- Born: 1952 (age 73–74) Victoria, Australia
- Occupation: Community activist
- Known for: Intersex activist, founder of Intersex Human Rights Australia
- Website: ihra.org.au

= Gina Wilson =

Intersex activist

Gina Wilson is an Australian intersex human rights activist. She was the founding president of Intersex Human Rights Australia (formerly known as OII Australia).

==Early life==
Wilson was born in Victoria, Australia in 1952.

== Activism ==
Gina Wilson founded Intersex Human Rights Australia in 2009 and remained as president of the organisation until stepping down on 1 September 2013. She was succeeded by Morgan Carpenter and has since returned as vice-president. She has also been a member of the board of the National LGBTI Health Alliance a board associate of the AIDS Council of New South Wales, and Lidcombe, New South Wales branch president of the Australian Labor Party.

In her work at Intersex Human Rights Australia, Gina Wilson played an important role in improving access to healthcare, inclusion of intersex people in anti-discrimination legislation, and in aged care.

=== Anti-discrimination legislation ===

Wilson has played a leading role in moves to protect people on the basis of "intersex status" in anti-discrimination law, appearing before a Senate inquiry. Interviewed by the Sydney Morning Herald, Wilson spoke about how initial proposals for intersex inclusion in federal legislation were inappropriate as they classed intersex as a gender identity.

A Senate of Australia inquiry into anti-discriminination legislation supported the approach of the organisation and "intersex status" was added to the Sex Discrimination Amendment (Sexual Orientation, Gender Identity and Intersex Status) Act 2013, which passed into law on 1 August 2013.

=== Bodily autonomy ===

Wilson has called for "normalising" surgeries on intersex infants to end, saying that such interventions should only take place when a child is able to provide informed consent. In comments on Intersex Awareness Day 2012, Wilson said, "At a fundamental level homophobic bigotry, intolerance and ancient superstitions underpin contemporary mistreatment of intersex people. Intersex people are subjected to forced gendering and surgical alterations to our bodies to "disappear" our differences in a society that regards difference in sex anatomy as deeply suspicious."

Interviewed by Andrew Bock in The Age, Wilson expressed concern about the use of prenatal screening to terminate intersex foetuses.

=== Mental health and access to healthcare ===

Wilson played a role in efforts to improve access to Medicare services in 2013. The organisation has also called for the removal of intersex people from definitions of gender identity disorder in the American Psychiatric Association's diagnostic manual, saying "The assumption is that the birth assignment must be right. The doctor is never at fault, it's the poor intersex person who is wrong, who then gets carted off to a psychiatrist to try and 'fix' us."

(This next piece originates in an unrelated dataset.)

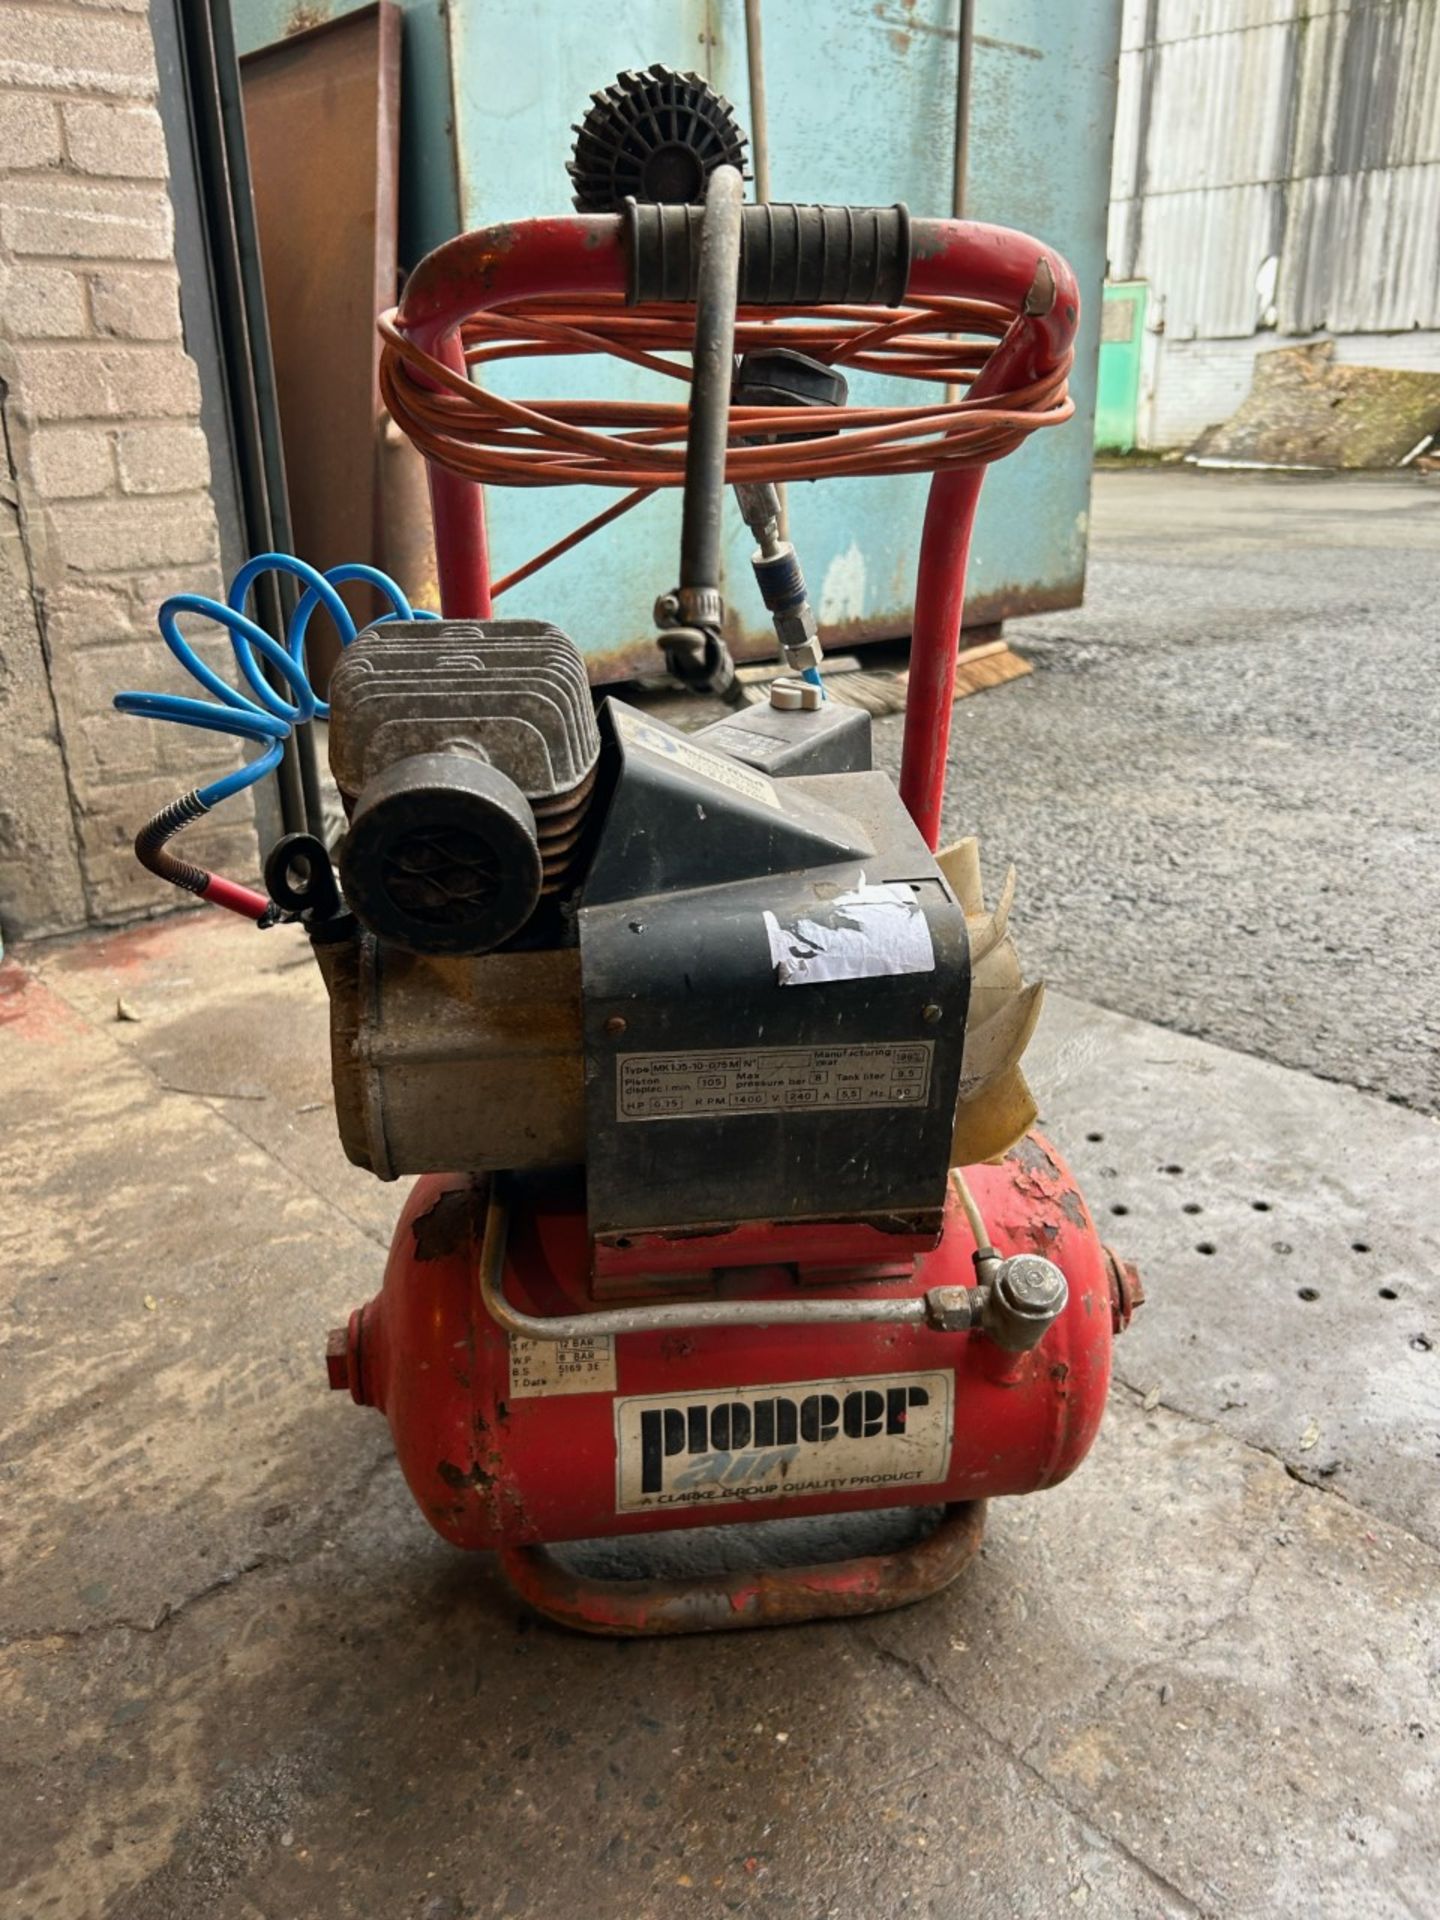 Clarke pioneer air air compressor small 10L tank. Does run and work but selling as spares or

=== Concern over identification documents and third gender ===

While welcoming federal guidelines on recognition of gender, Wilson has expressed concern about misrepresentation of intersex issues by some trans groups including the instrumentalisation of intersex in moves to create a third gender category, warning of "far-reaching unintended consequences".

== Selected bibliography ==
Selected published work includes:

- "Testimony of an Intersex Person" in the Equal Rights Trust journal Equal Rights Review.
- Wilson, Gina (2011). "The 14 days of intersex"
- Appearance in the 2012 documentary Intersexion.
- Appearance in a national campaign by Beyond Blue, titled Stop, Think, Respect, in the same year.
- A TEDx Sydney talk in 2010.

== Recognition ==

Gina Wilson was a finalist for the Australian Human Rights Commission Community Individual Award, 2013. The Commission describes the award as one of "the two most vigorously contested categories for the 2013 Australian Human Rights Awards" commenting that her "intersex advocacy work has been ground-breaking, helping to achieve authentic and appropriate inclusion in anti-discrimination legislation." Wilson was also nominated for a Community Hero "Honour Award" in 2011.